人気沸騰バスケBリーグがユニーク爆笑会見 チェアマンと選手が“癒着”!?

2019年07月08日 15時31分

左から川崎の篠山竜青、大河正明チェアマン、宇都宮の遠藤祐亮

 男子バスケットボールのBリーグは8日、創設4季目となる2019―20年シーズンの概要発表会見を都内で行った。

 10月3日の開幕戦は川崎ブレイブサンダースVS宇都宮ブレックス(横浜アリーナ)に決定。この開幕カードについて、大河正明チェアマン(61)は「日本代表選手、代表候補を多く擁している2チーム」と理由を述べたが、続けて「皆さん、1シーズン目の初代王者決定戦を覚えていますね。篠山(竜青=30)選手のアリウープパスが惜しくも外れ、遠藤(祐亮=29)選手が最後にフリースローを決めて勝ち切った。あの時の篠山選手の悔しさを晴らしてもらいたくてこのカードにしました」と笑顔で語った。

 この異例ともいえる私情が交じったマッチメークに対し、篠山は「チェアマンが言っていますから、これはもう晴らさないと」とやる気満々。一方、隣にいた遠藤は「篠山選手とリーグの“癒着”がすごいと思いますが…」と言うと3人は爆笑。人気上昇中の日本バスケット界を象徴するように、笑顔の耐えないムードで会見は進んだ。

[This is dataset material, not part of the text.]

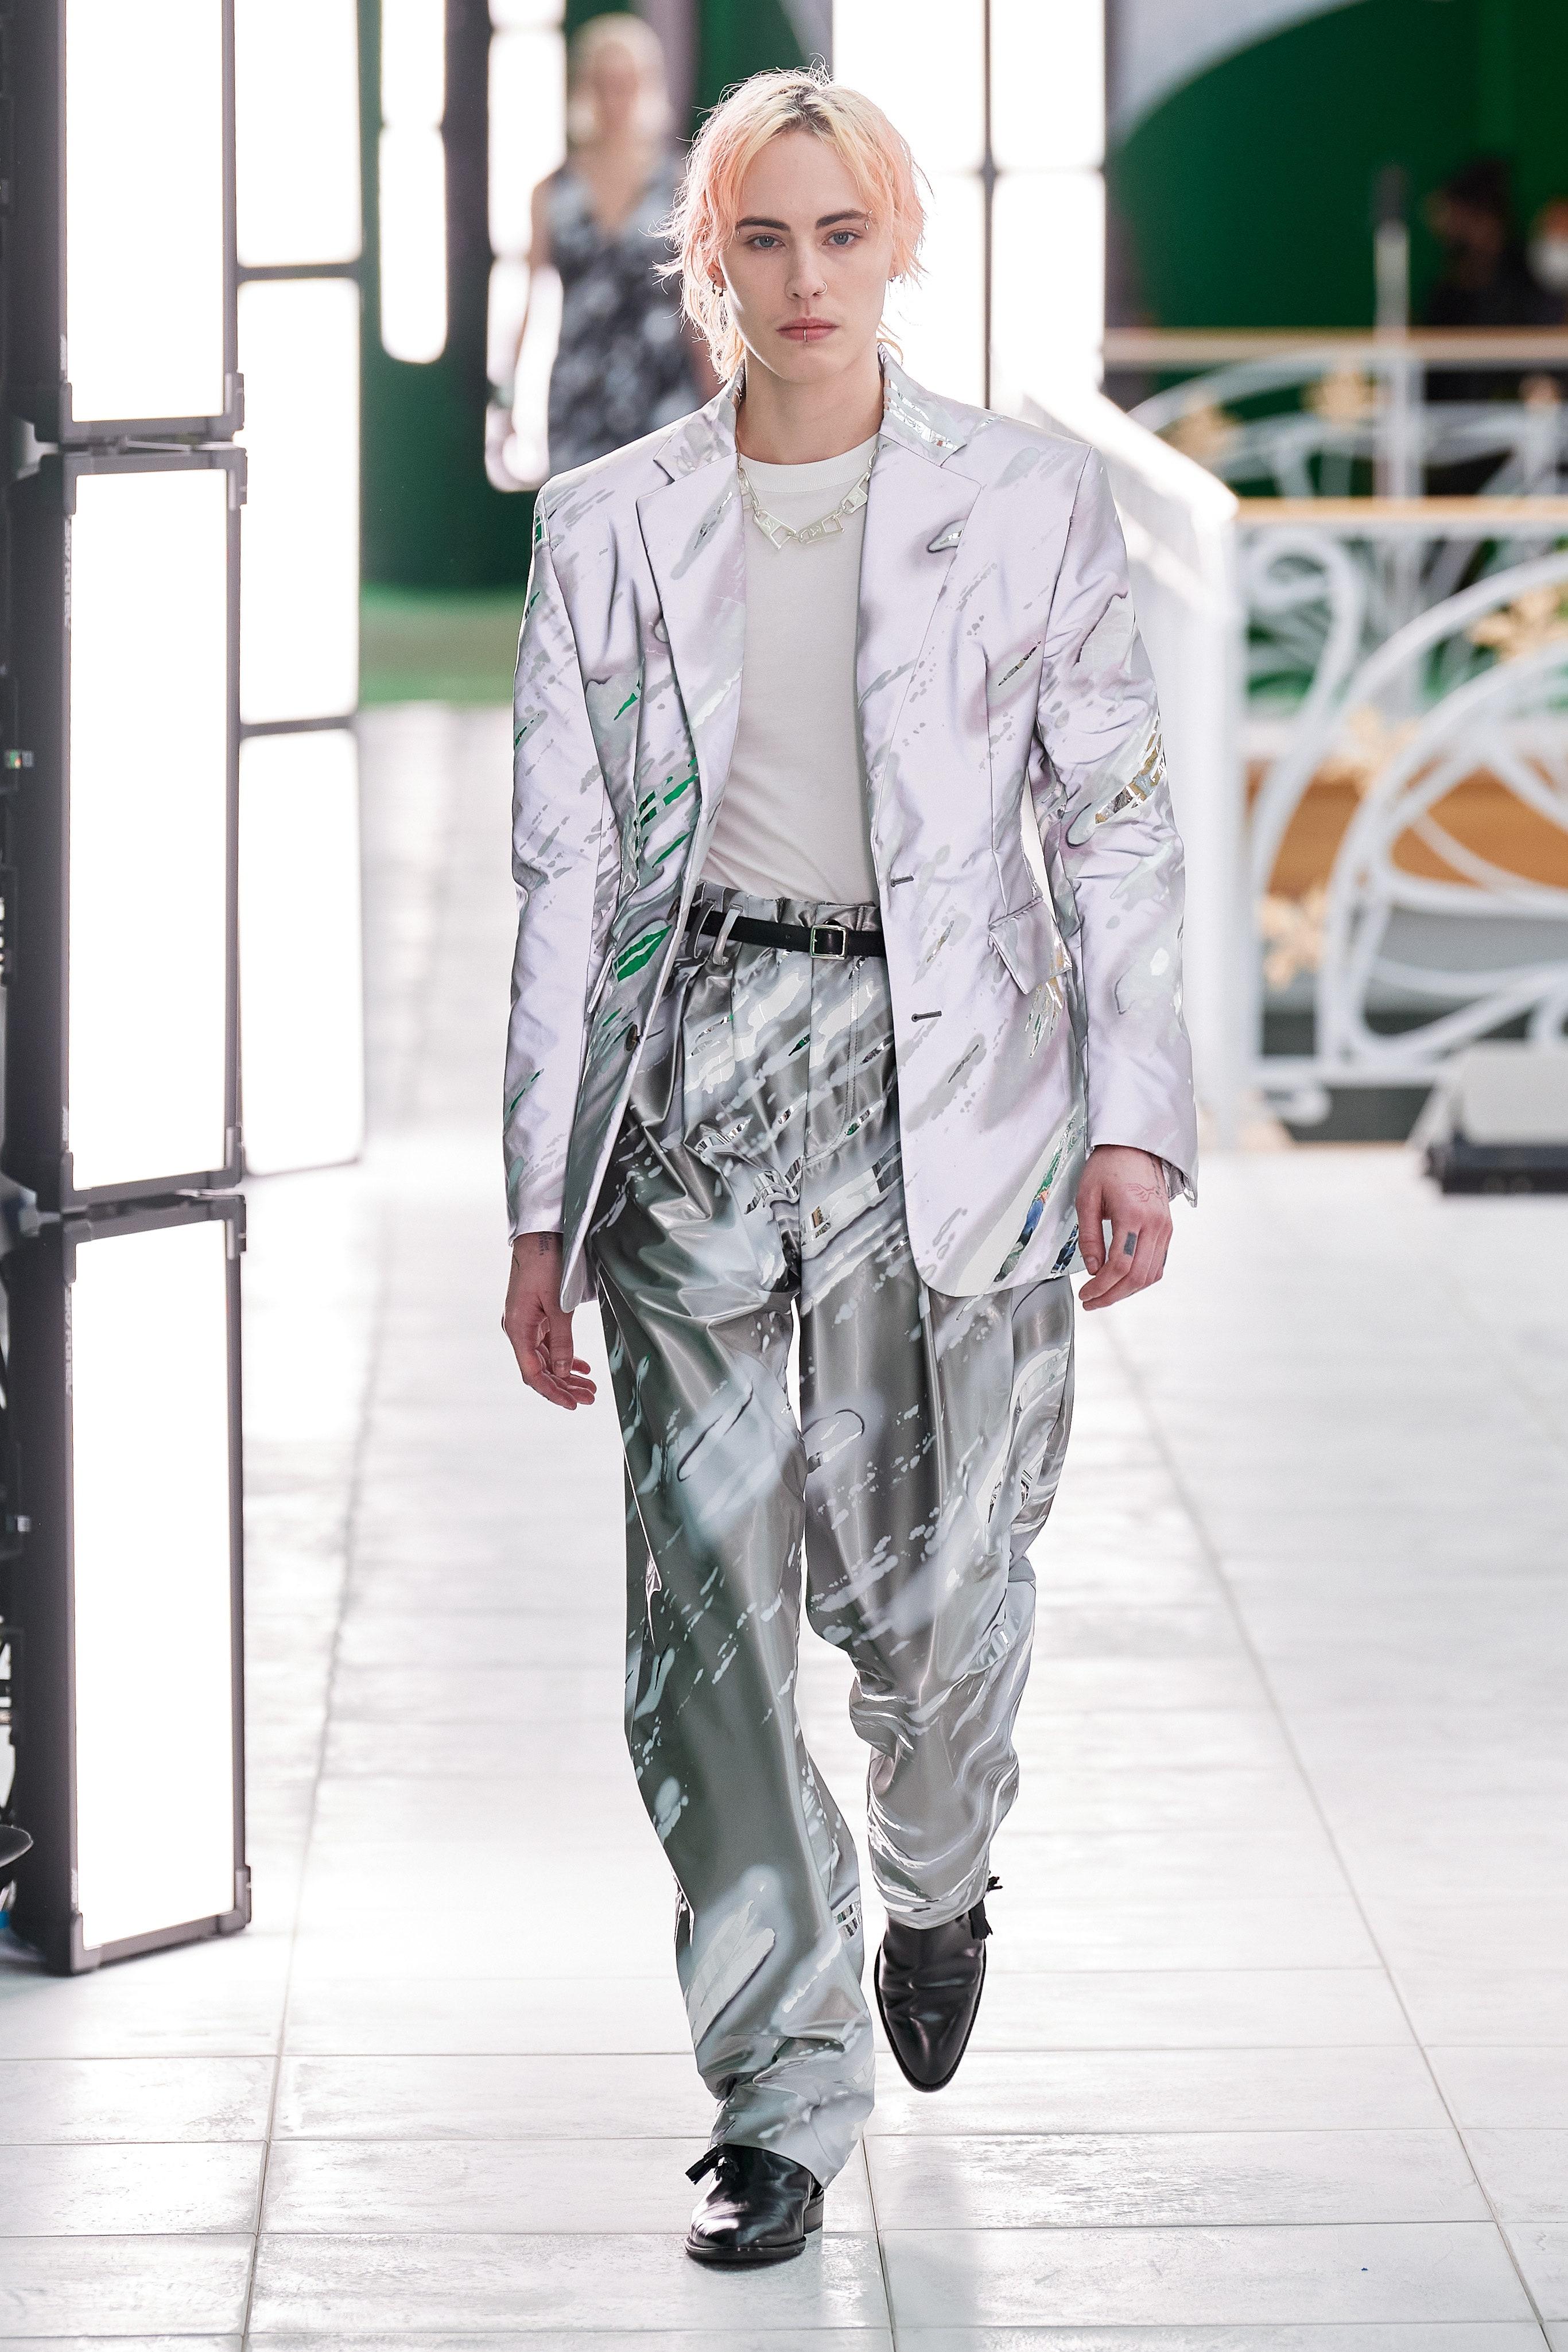 Louis vuitton pfw spring 2021 ready to wear Nicolas Ghesquiere

 NBAドラフトで八村塁(21=ウィザーズ)が日本人初の1巡目指名を受けたほか、今年は男子が13年ぶりにW杯出場、来年の東京五輪出場も決まった。このムーブメントは選手も実感しており、遠藤は「日本のバスケは今、盛り上がっている。自分たちが面白いゲームをしないと新しいファンもついてこない」と自覚十分。大河チェアマンは「大事なことは選手がどれだけ世の中に知られるか。それがBリーグの発展」と持論を展開しつつ「篠山選手のキャラクターはだいぶ有名になった」と語る。

 その篠山は「僕が小学生の時、クラスメートが将来の夢をプロ野球選手、Jリーガーと書いていて非常にうらやましかった」と幼少期を回想。その上で「今バスケットをやっている子供たちに、将来の夢はBリーガー、NBA選手って胸を張って書いてもらえるような、カッコ良くて憧れのリーグにしたい」と力強く語った。

 篠山は小学生当時から「バスケットボールでご飯が食べられるようになりたい」と迷わず書いた。空前のバスケブーム到来とともに、その夢も現実になっている。